You can no longer trust…

updates
package installations
creating new files
saving files
copying files
downloads
transferring multimedia to and from the computer

…and so on.

In the end, your only means to protect yourself against losing data permanently is not redundancy/RAID, not bitrot protection against corruption, and not even a simple backup (in which it can fail in cold storage), but rather multiple backups of different types, and frequently using them and checking them.

But that’s off topic!

Zesko · 22 September 2021 12:53

@winnie

memtest86-efi has completely tested after 7 hours. Everything is OK.

But it showed [Note] RAM may be vulnerable to high frequency row hammer bit flips.

I found another problem. Not only copy errors, but also reading or CPU calculation errors too?

The same file test1.zip has many different checksum. I did not change it.

❯ sha1sum test1.zip    
e9bb2bfc90ad058aa73154cce4814fd744cc11f8  test1.zip # Failed
❯ sha1sum test1.zip                                                                                                                                                          
ea1127716ab44a6b74507ec7c503409ae5e84f21  test1.zip # Failed
❯ sha1sum test1.zip                                                                                                                                                          
bdb8b9098a3b0fc7055f20af586457156023be2d  test1.zip # Failed
❯ sha1sum test1.zip                                                                                                                                                           
0d7f28ed306c395baa0ec9436a356672843e9021  test1.zip # Failed

on my old SSD.

❯ sha1sum test1.zip     
b35cd8b5df411a5b20ac456f67b95f089502919f  test1.zip # OK
❯ sha1sum test1.zip                                                                                                                                                                 
b35cd8b5df411a5b20ac456f67b95f089502919f  test1.zip # OK
❯ sha1sum test1.zip                                                                                                                                                                 
f48ea7c128e8f7f892636f8c05623a243ec09c01  test1.zip # Failed
❯ sha1sum test1.zip                                                                                                                                                                  
3f2b211343854f8d2faf70800e76a86ff75106a9  test1.zip # Failed
❯ sha1sum test1.zip                                                                                                                                                                  
f4ec8624a5ae5f61bd3b7e95b898dc841436fd6e  test1.zip # Failed

on my new SSD.

Both SSDs are affected on the same device 1.
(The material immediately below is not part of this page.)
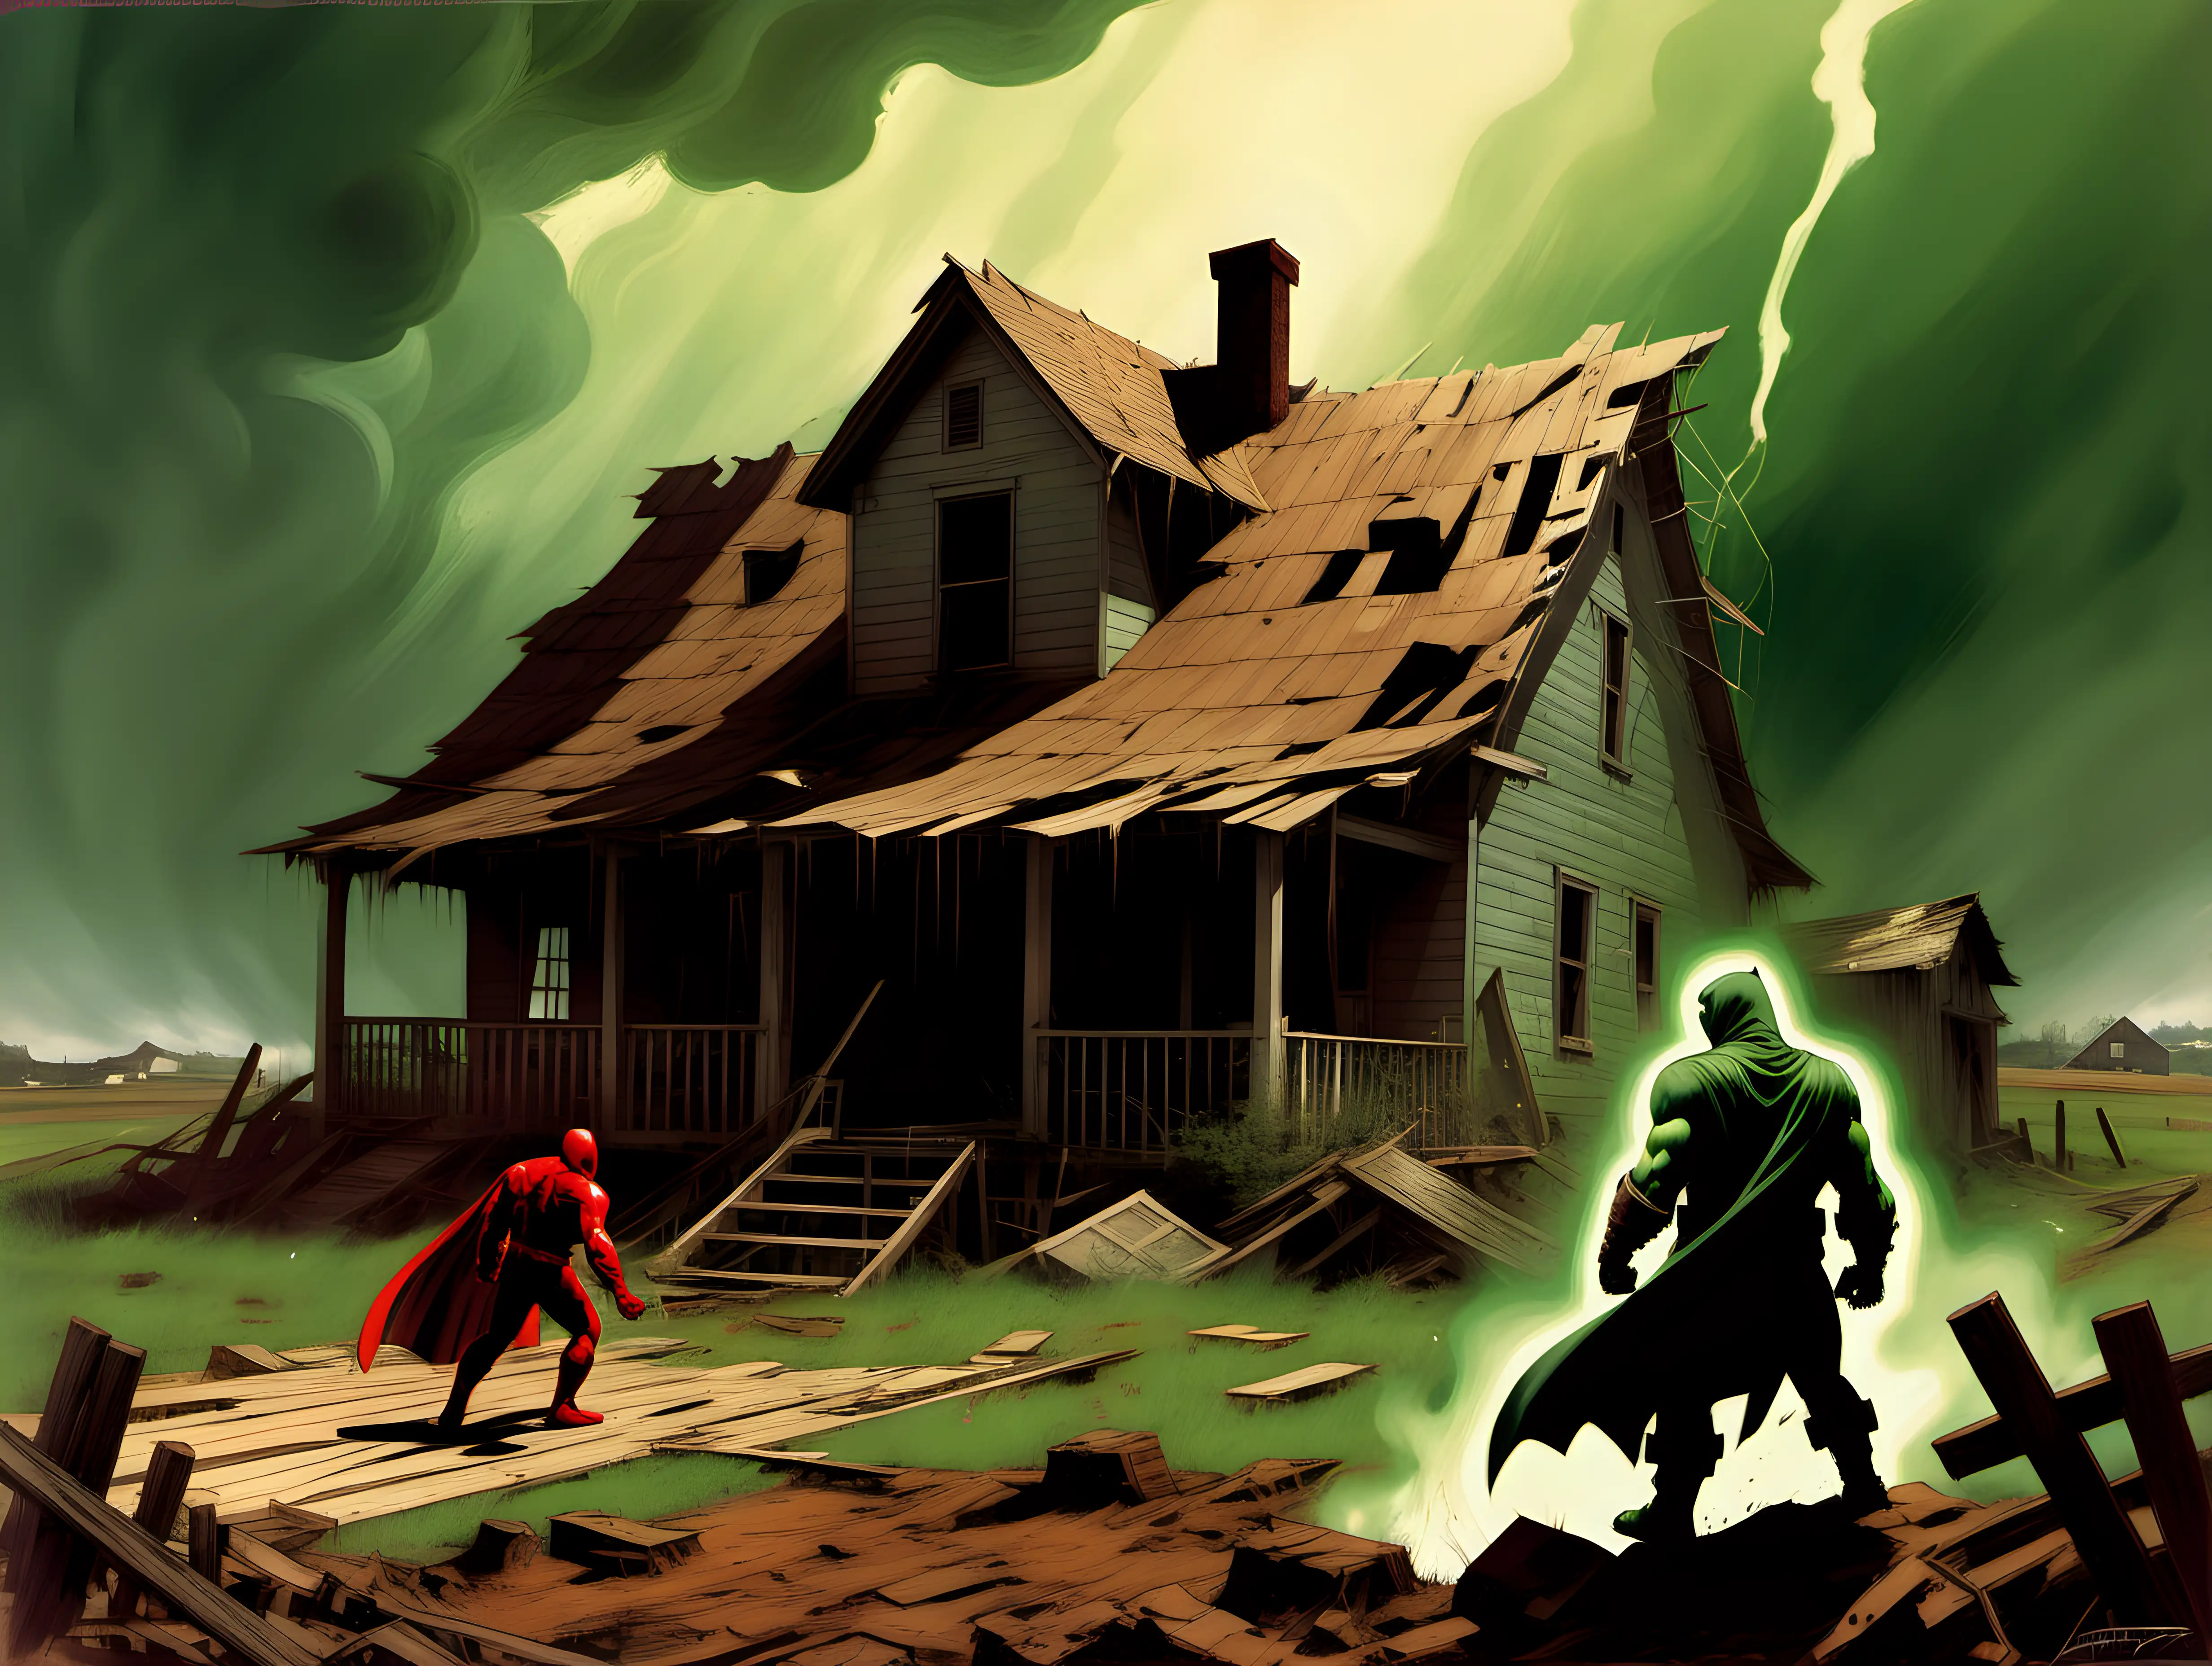 Daredevil vs Doctor Doom Showdown in Abandoned Farm House Epic Battle Art

I checked the same file 15GB in my USB stick 64GB (EXT4) on my device 1, it shows different checksums too.

But I checked this USB stick on my other device 2, then no issue → The same file shows always the same checksum.
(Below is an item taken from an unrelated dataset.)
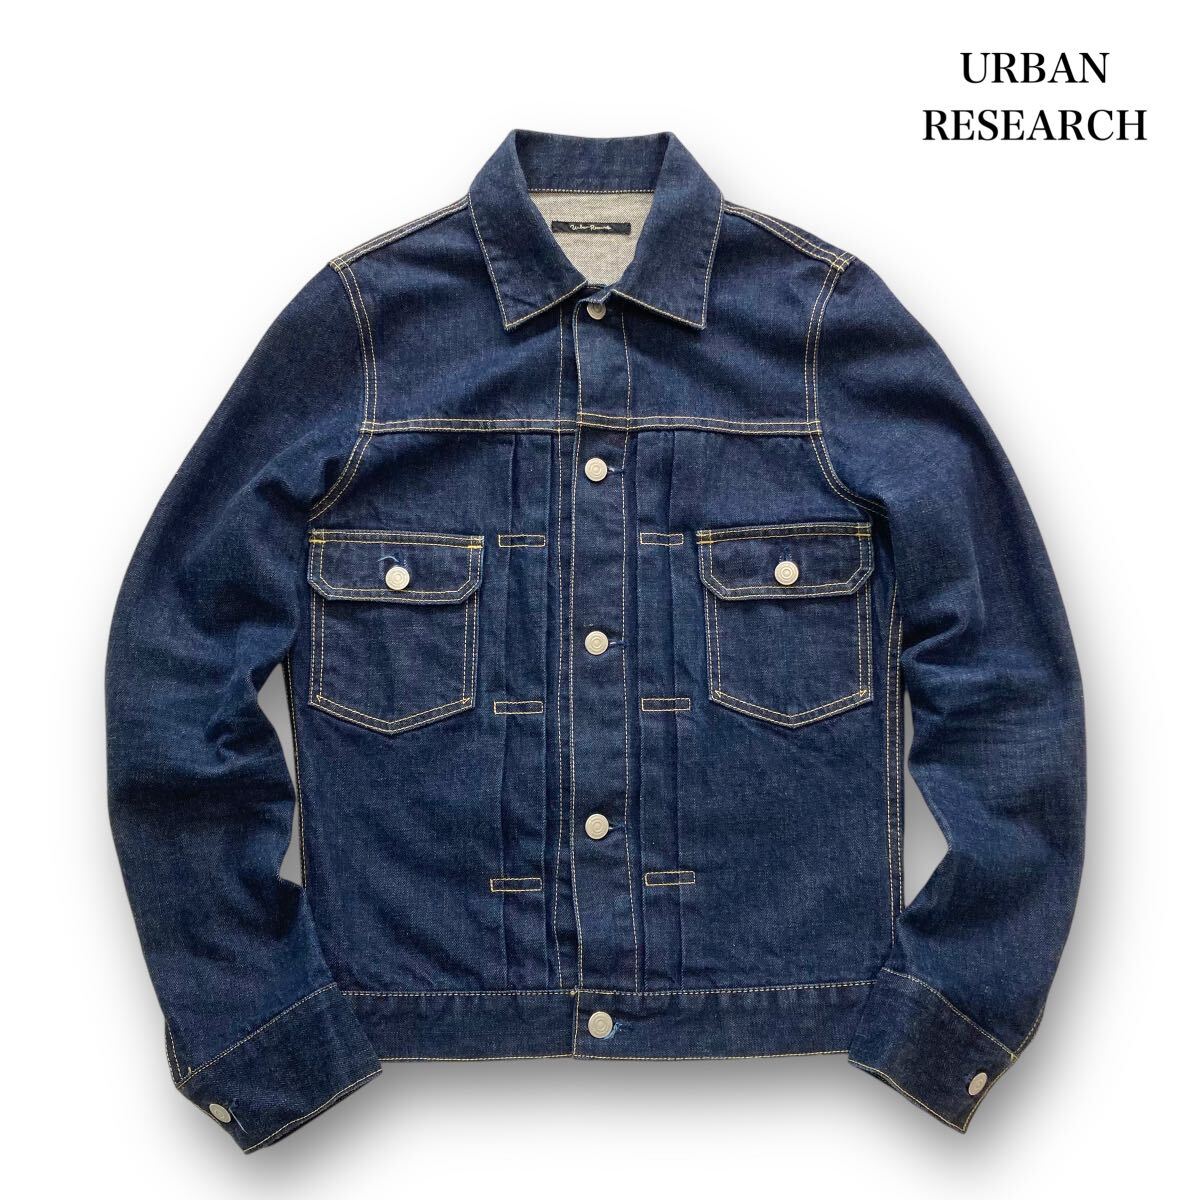 [URBAN RESEARCH]( dark blue ) Urban Research Second type Denim jacket 2nd model denim jacket DENIME JACKET made in Japan Tracker JK

I checket the zip on Windows 10 on the same device 1, but only data transfer or copy has the problem too, but many copies are correct, few are incorrect, but checksum is always the same for individual zip, but on Linux it shows random different checksums.

The device 1 is currently running with mprime. I see many were passed.

I checked the zip file with the help of Manjaro Live USB on the device 1, the same issue.

I stop mprime now. I try to set the mainboard BIOS setting, for example AMD-V is switched off. I remove 3 of 4 RAMs, then I see if it works.